Avoidance of dirt problems on the servo valve or cavitation damage on the spring;

• Inclusion of the chamber 25 in the high pressure volume of the nozzle chamber, whereby an increase in the high pressure volume in front of the nozzle is achieved;

Reduction in pressure drop due to the compressibility of diesel oil in the high pressure line after opening; Improvement of atomization of the diesel oil in the injection holes after opening, since more pressure is available;

• Only a precisely designed guide for the nozzle needle;

• Use of a bypass throttle to support the closing process of the nozzle needle;

• Inclusion of the high pressure chamber, which contains the servo valve and the valve spring, in the design of the bypass throttle.

Due to the way the piezo actuator works, it is advantageous to use an internal servo valve (working against high pressure). The resulting chamber can be used as a drain line to connect the high pressure line to the outlet of the drain throttle via the bypass throttle.

Claims

claims

1.Injection valve with a fuel line, which is led to a control chamber via an inlet throttle, - with an outlet throttle, which connects a return line to the control chamber, with a control valve, which is connected in the return line before a return line, with a bypass throttle, which Fuel line connects to the return line, with a nozzle needle which is movably arranged in a nozzle chamber, the nozzle chamber being connected to the fuel line, the nozzle needle (32) being connected to a control piston (16), the control piston (16) delimits the control chamber (15), characterized in that part of the return line (27) is designed as a valve chamber (9) and that the bypass throttle (12) flows into the valve chamber (9).

2. Injection valve according to claim 1, characterized in that the control piston (16) via a rod (17) is connected to the nozzle needle (32), and that the rod (17) is guided through a chamber (25).

3. Injection valve according to claim 2, characterized in that the chamber (25) is connected to the fuel line (11).

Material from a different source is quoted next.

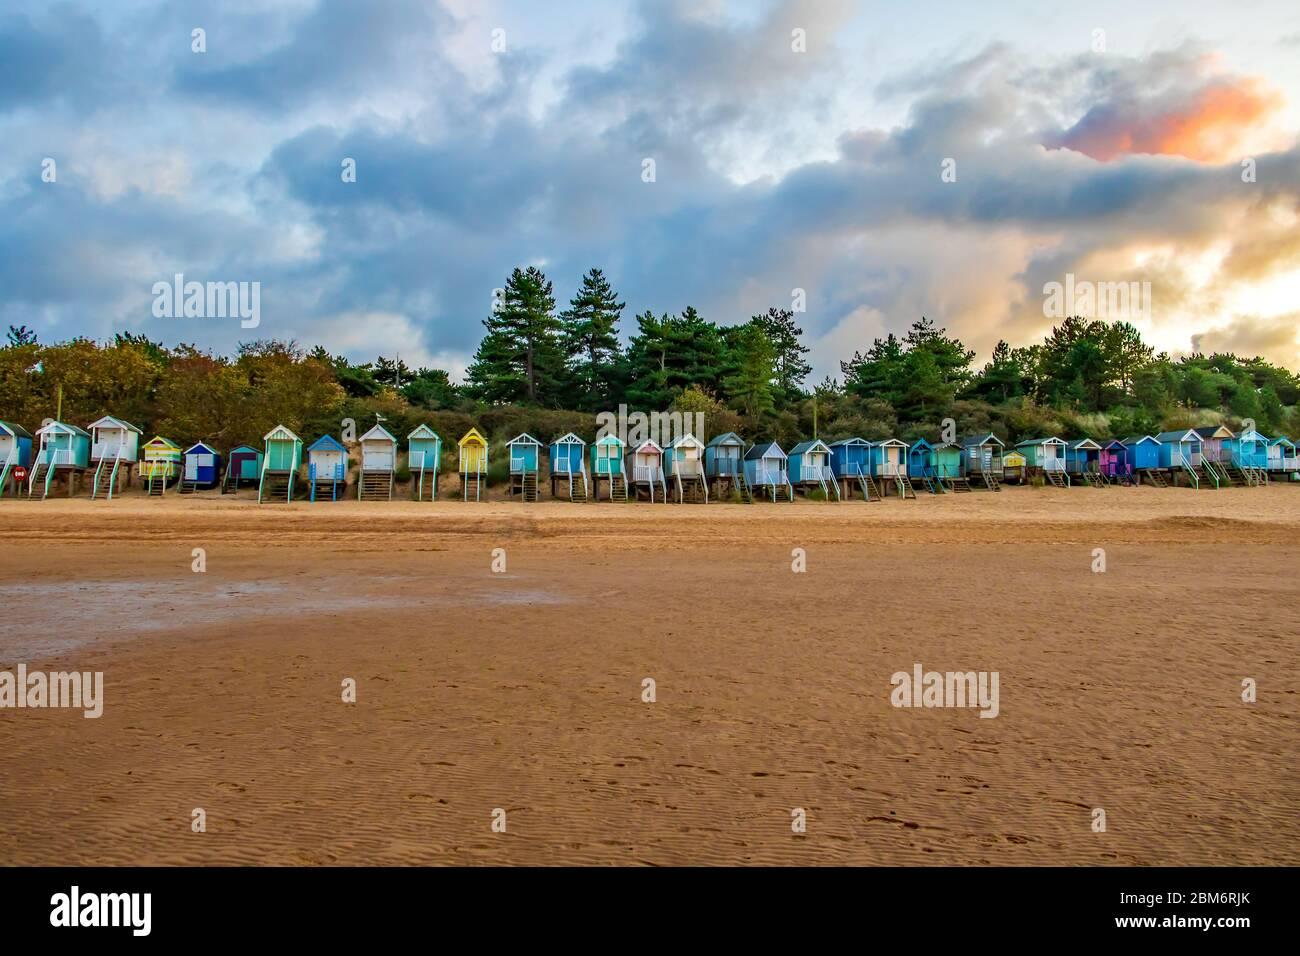 Cabanes de plage à Wells-Next-the-Sea, Norfolk, Royaume-Uni, prises au coucher du soleil Banque D'Images

4. Injection valve according to one of claims 1 to 3, characterized in that the cross section of the control piston (16) is equal to the cross section of the guided area (18) of the nozzle needle (32).

5. Injection valve according to one of claims 1 to 4, characterized in that in the valve chamber (9) a closing member (6) is arranged, which is biased against a sealing seat (7) by a spring (8).

6. Injection valve according to one of claims 2 to 5, characterized in that grooves (40) are provided which connect the nozzle chamber (20) with the chamber (25).

7. Injection valve according to one of claims 2 to 5, characterized in that a spring (24) is arranged in the chamber (25), which biases the nozzle needle (32) in the direction of a sealing seat (21).